• [PROBLEM STATEMENT] Your reply should reproduce each line below exactly and carry none of the pictures.

• [RECORDED DATA]
_ _ _ _

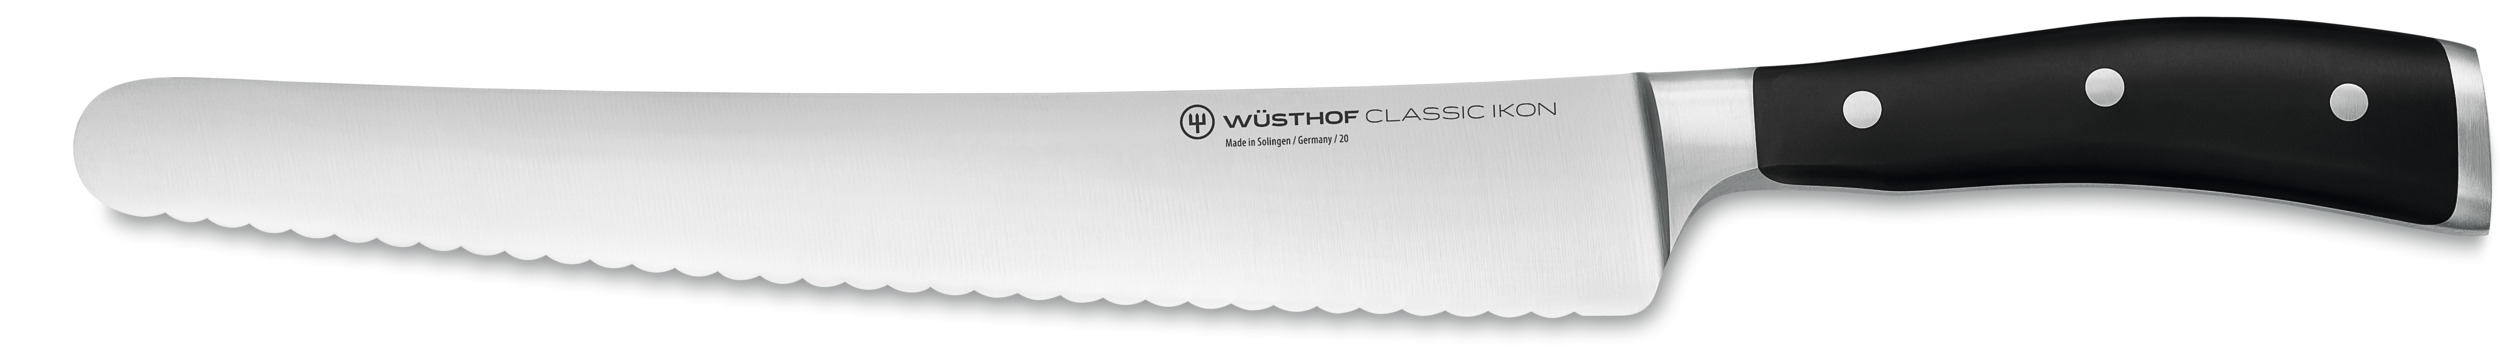 Wüsthof Classic Ikon Super Slicer 26 cm
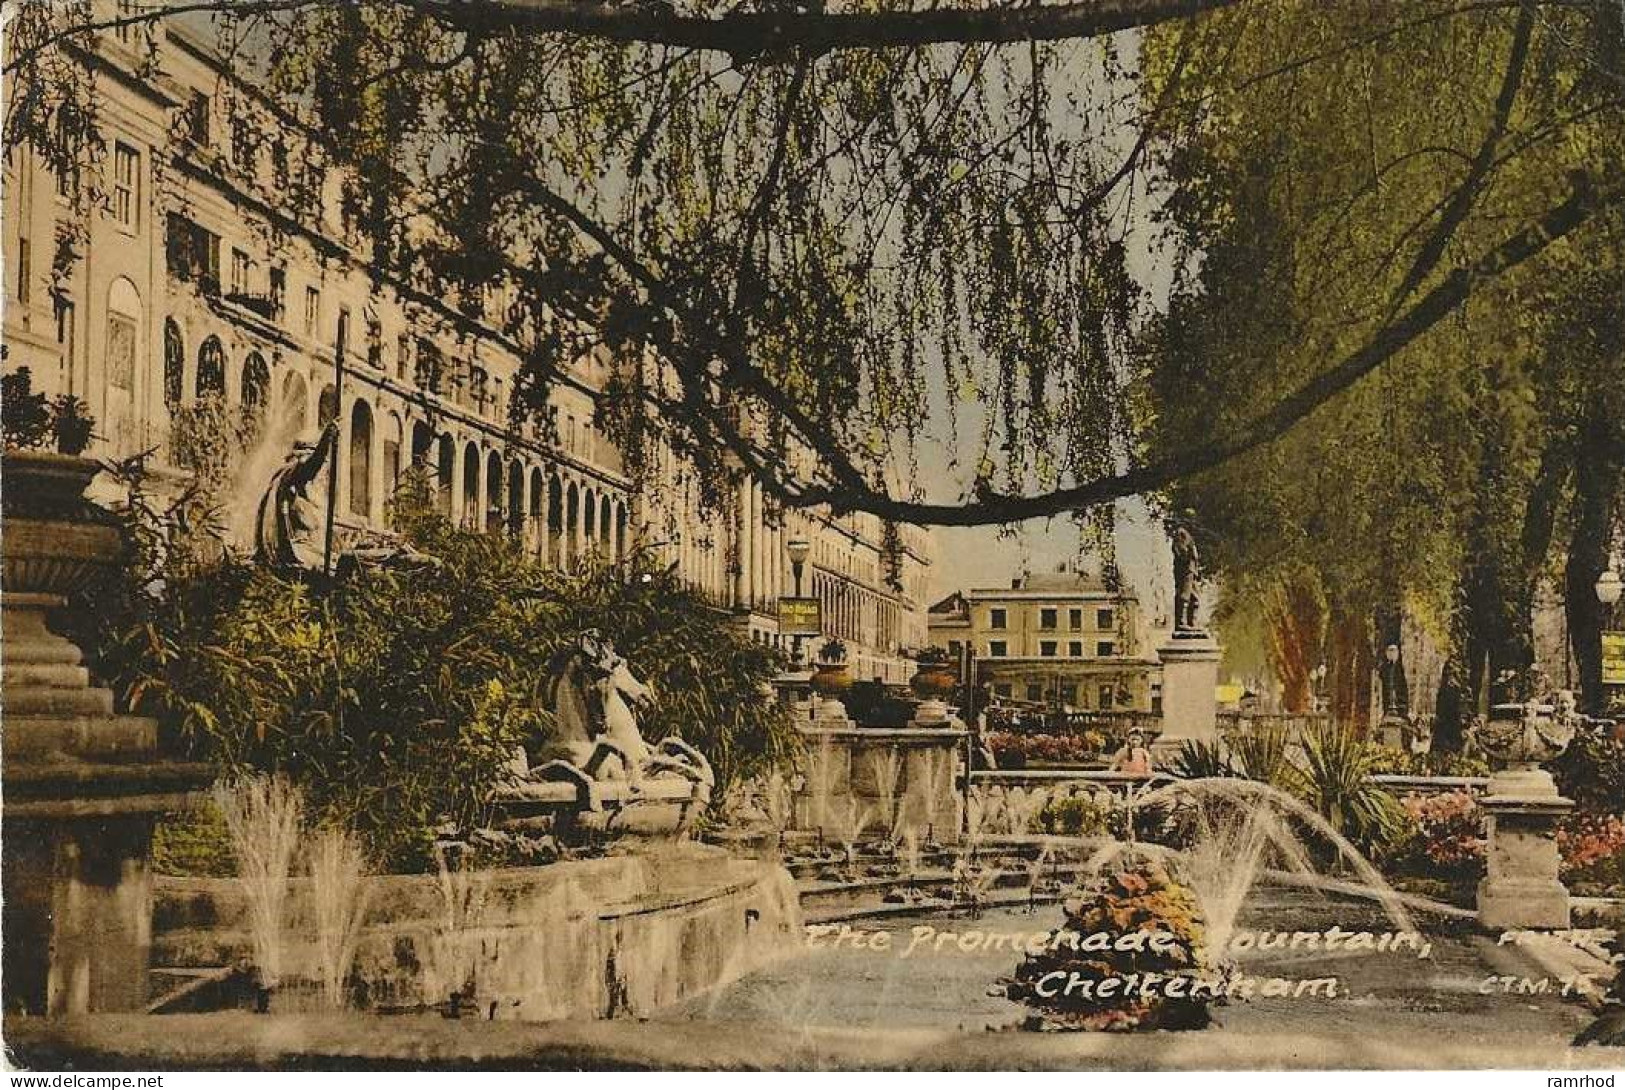 CHELTENHAM, The Promenade Fountain (Publisher - Frith's) Date - August 1963, Unused (Vintage) - Cheltenham
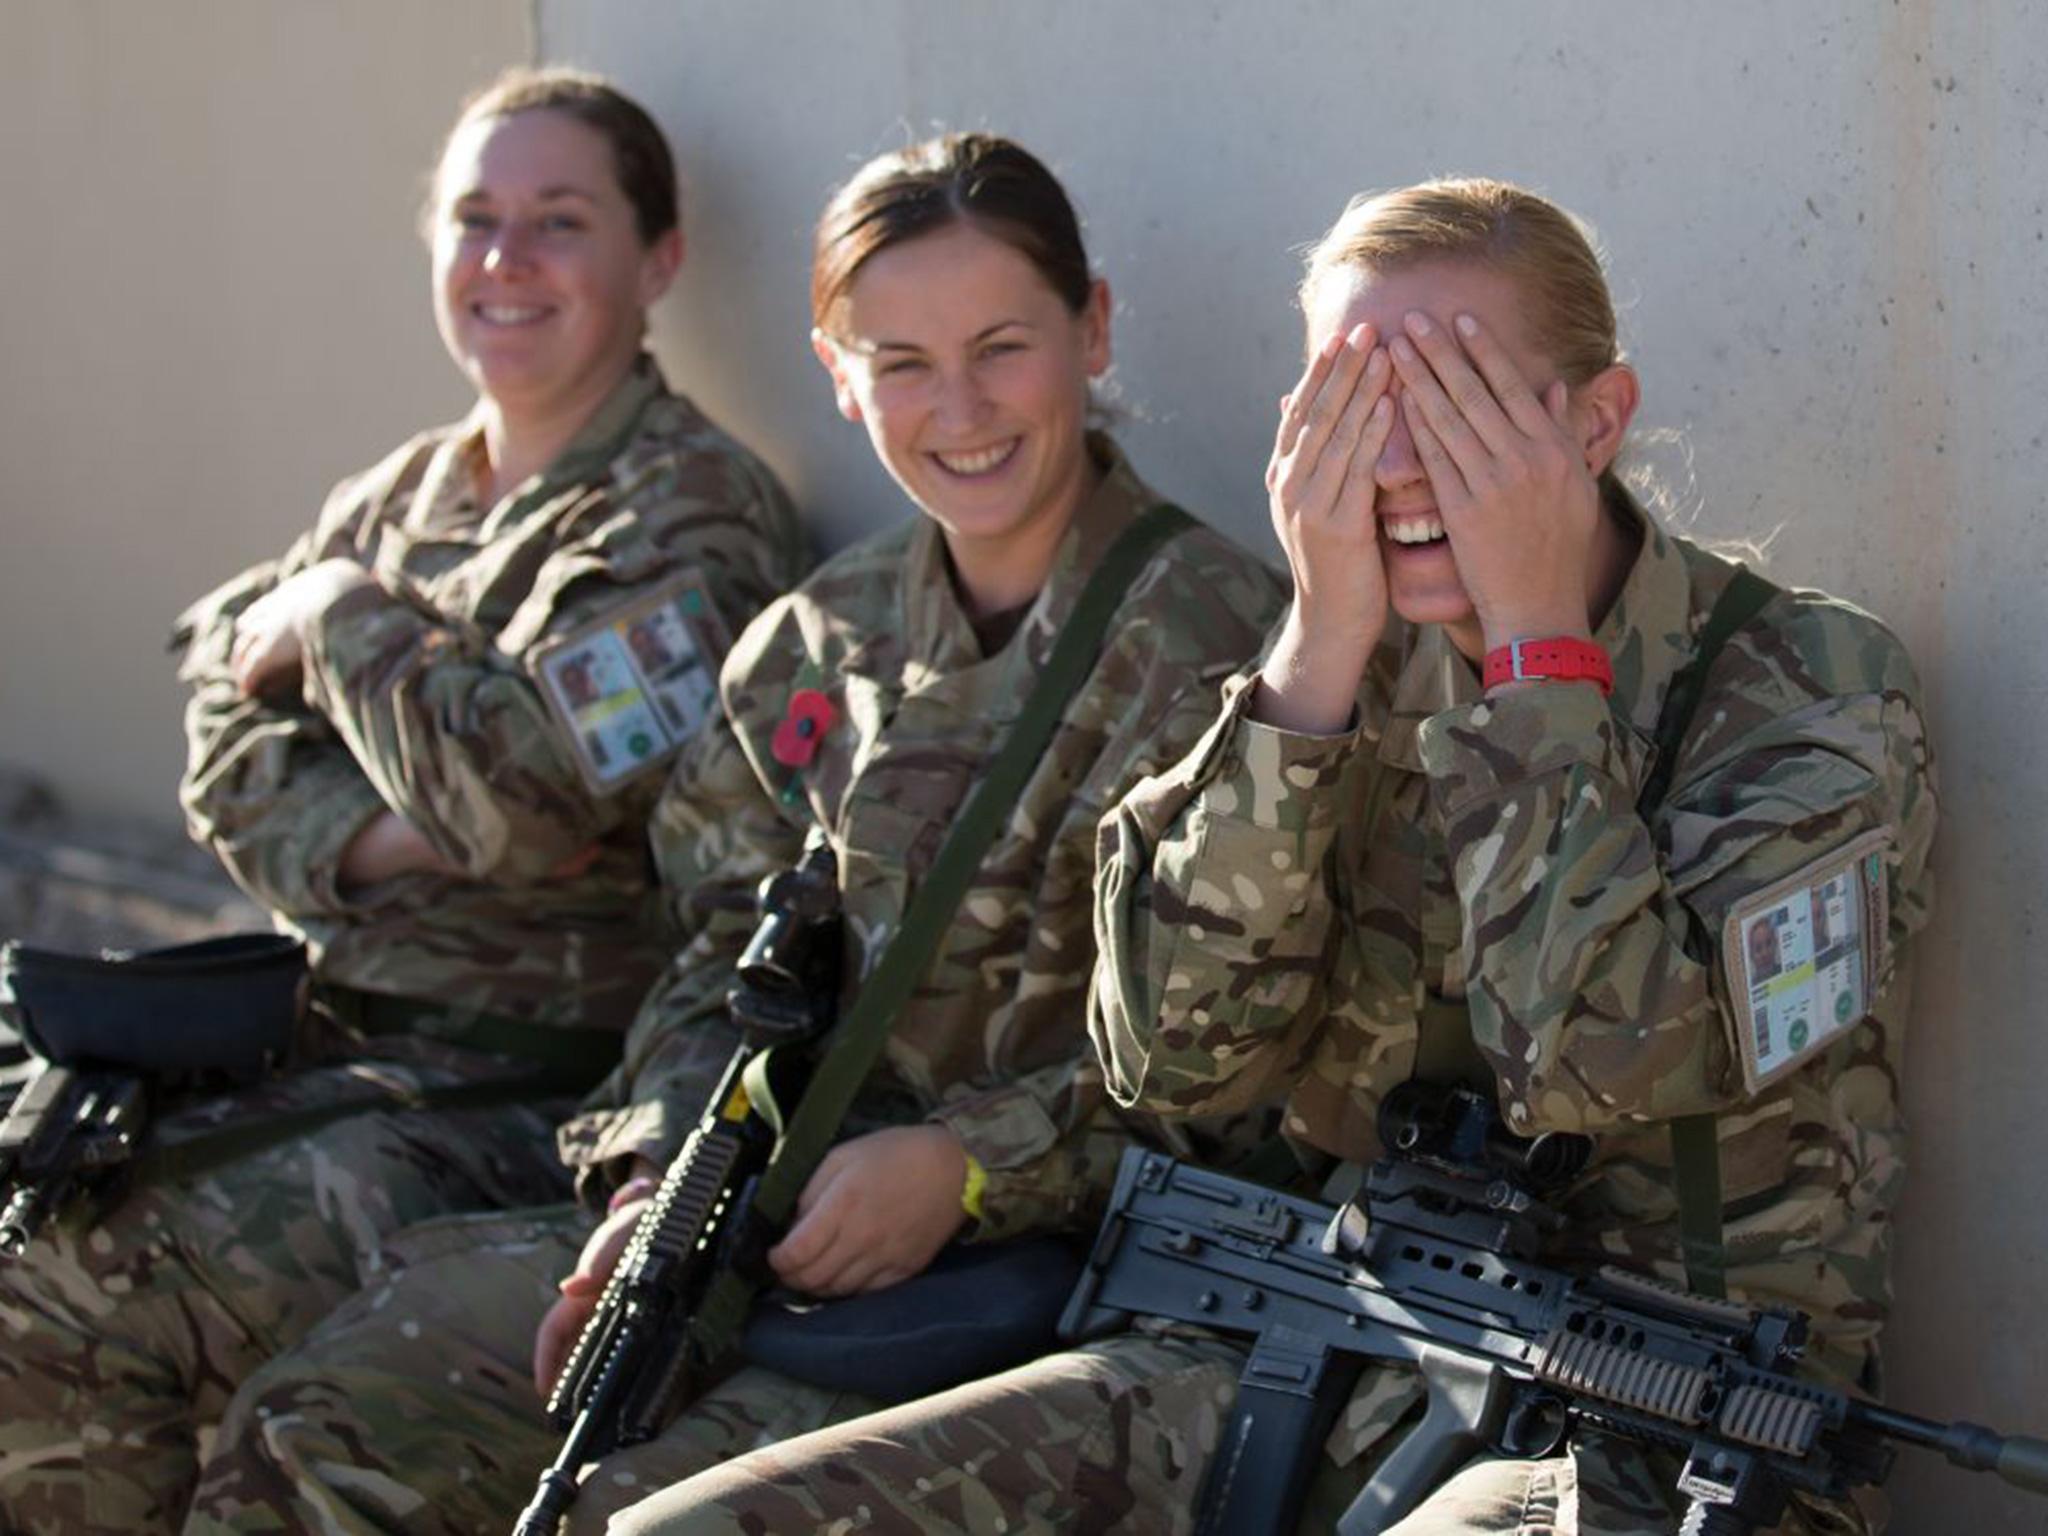 British female troops
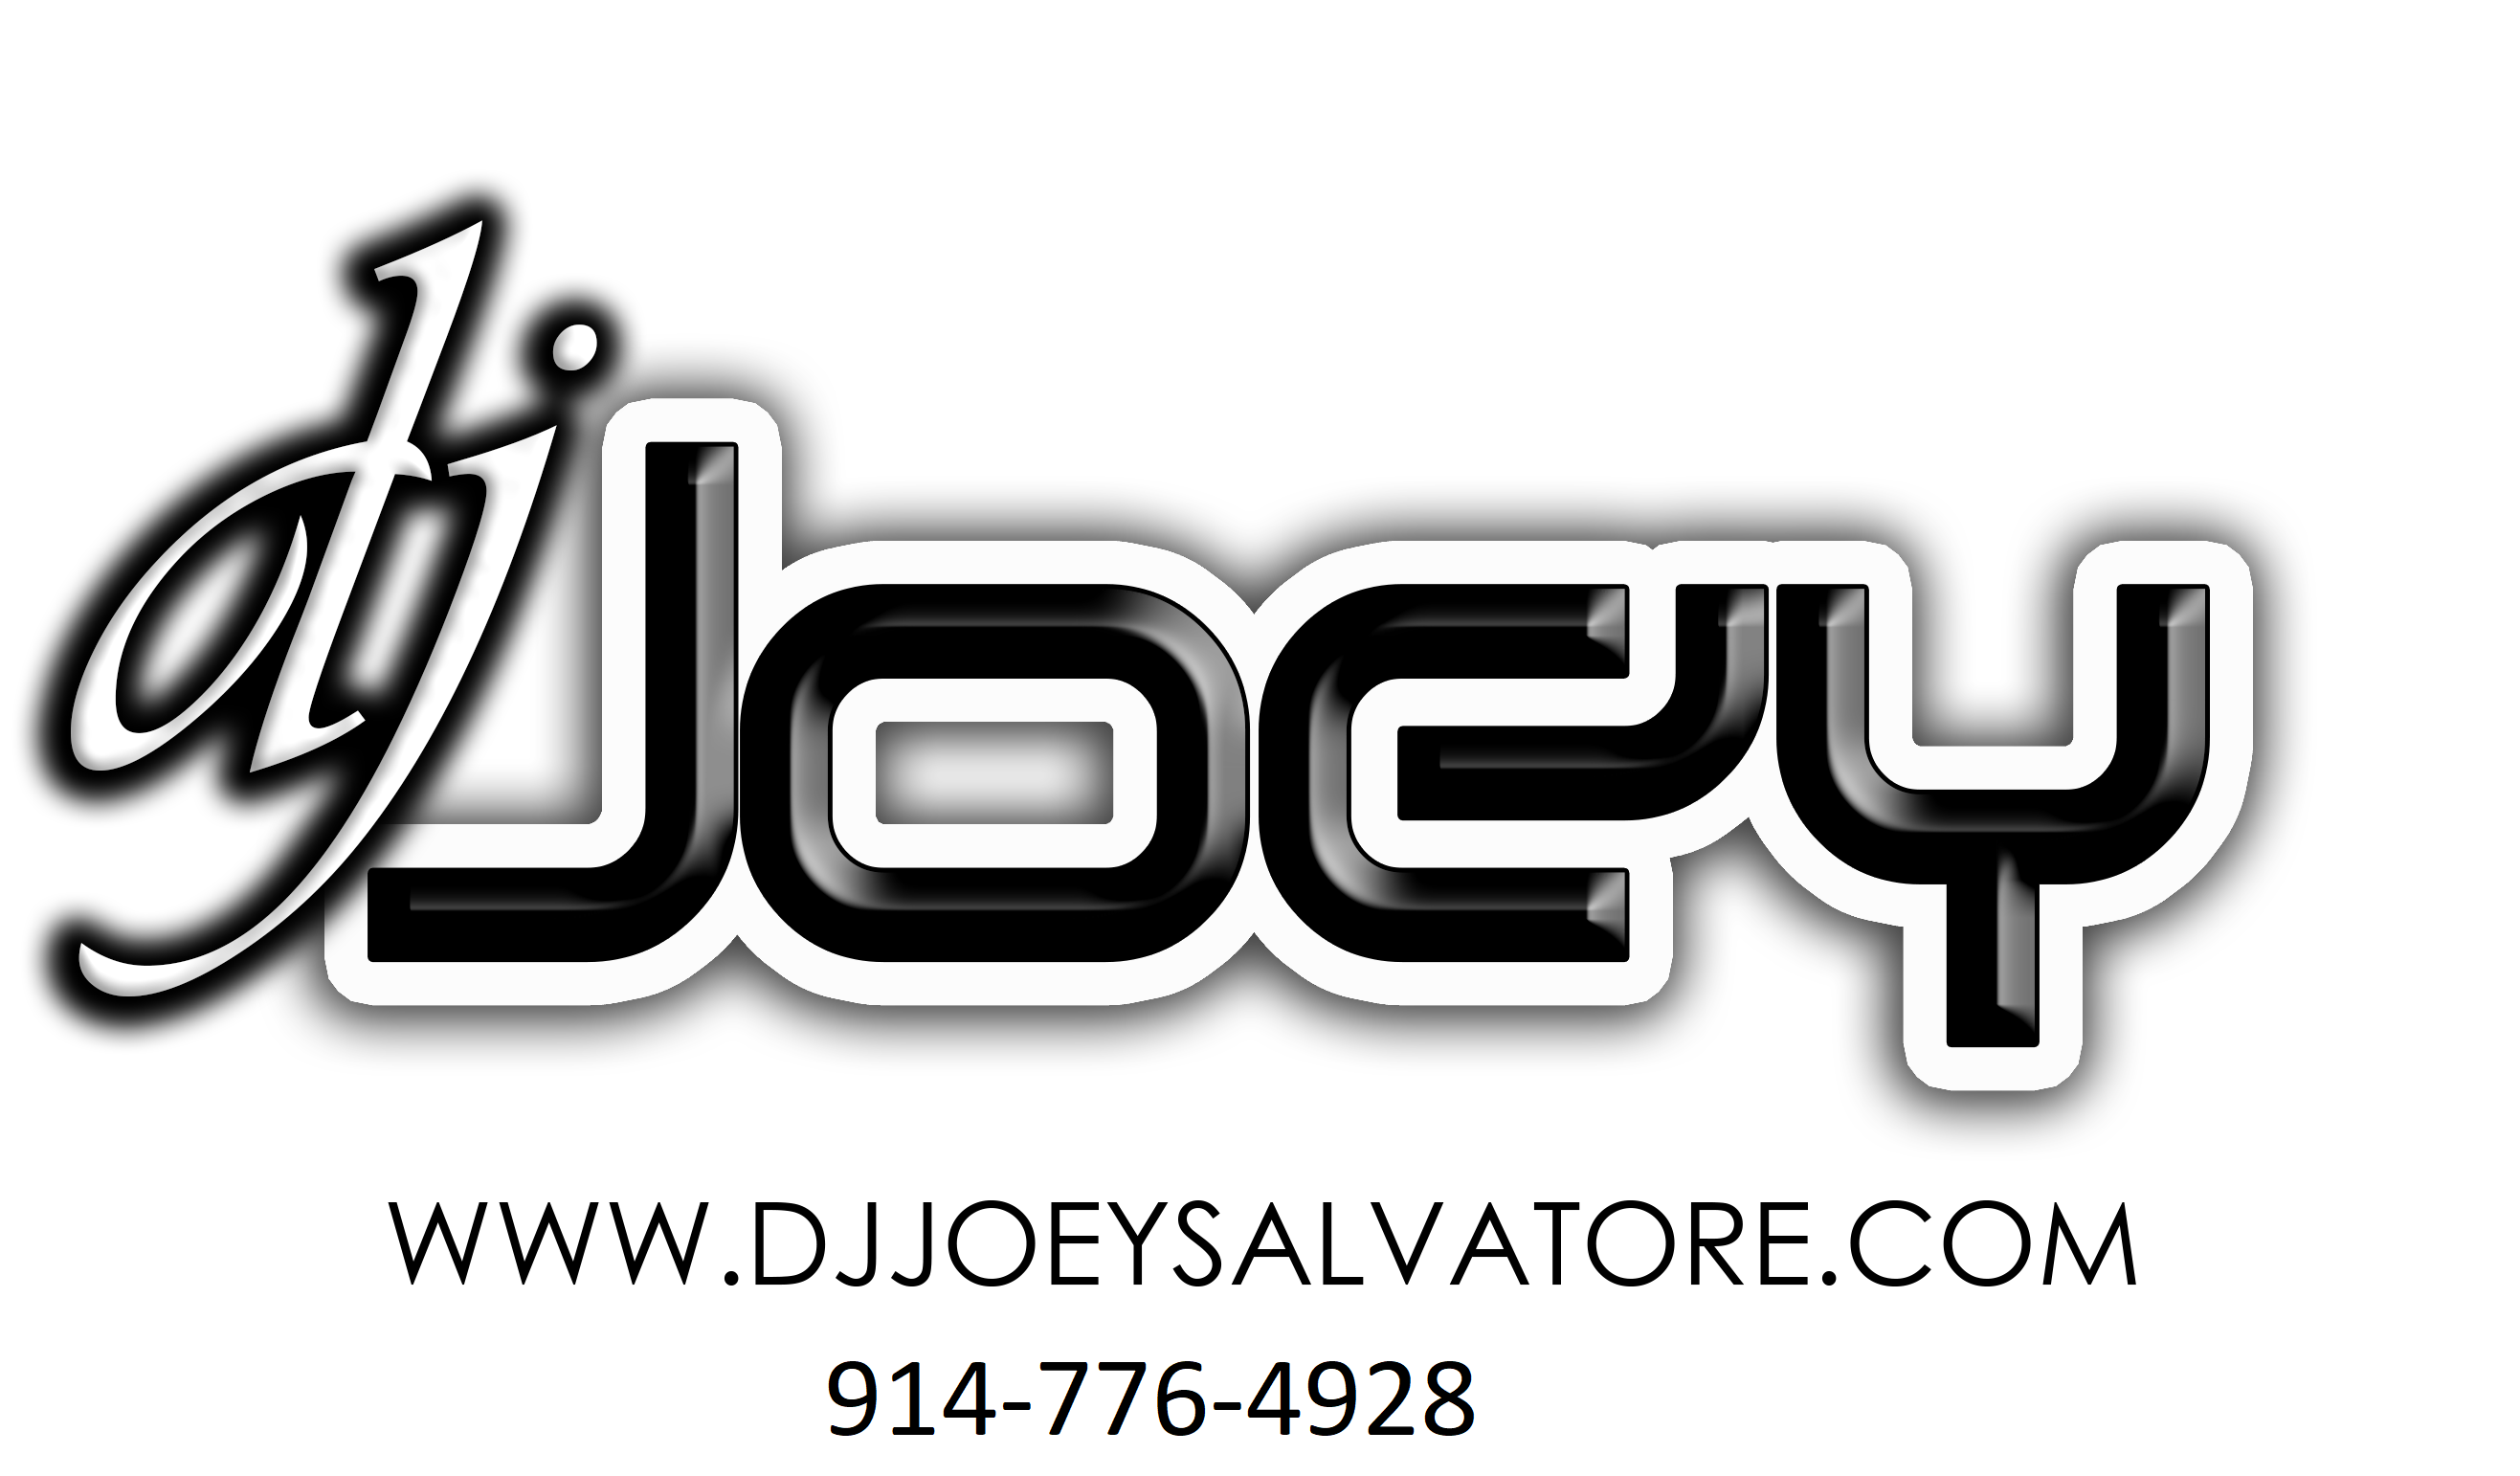 DJ Joey

_ _ _ _

• [YOUR RESPONSE]
 Wüsthof Classic Ikon Super Slicer 26 cm
 CHELTENHAM, The Promenade Fountain (Publisher - Frith's) Date - August 1963, Unused (Vintage) - Cheltenham
 British female troops
 DJ Joey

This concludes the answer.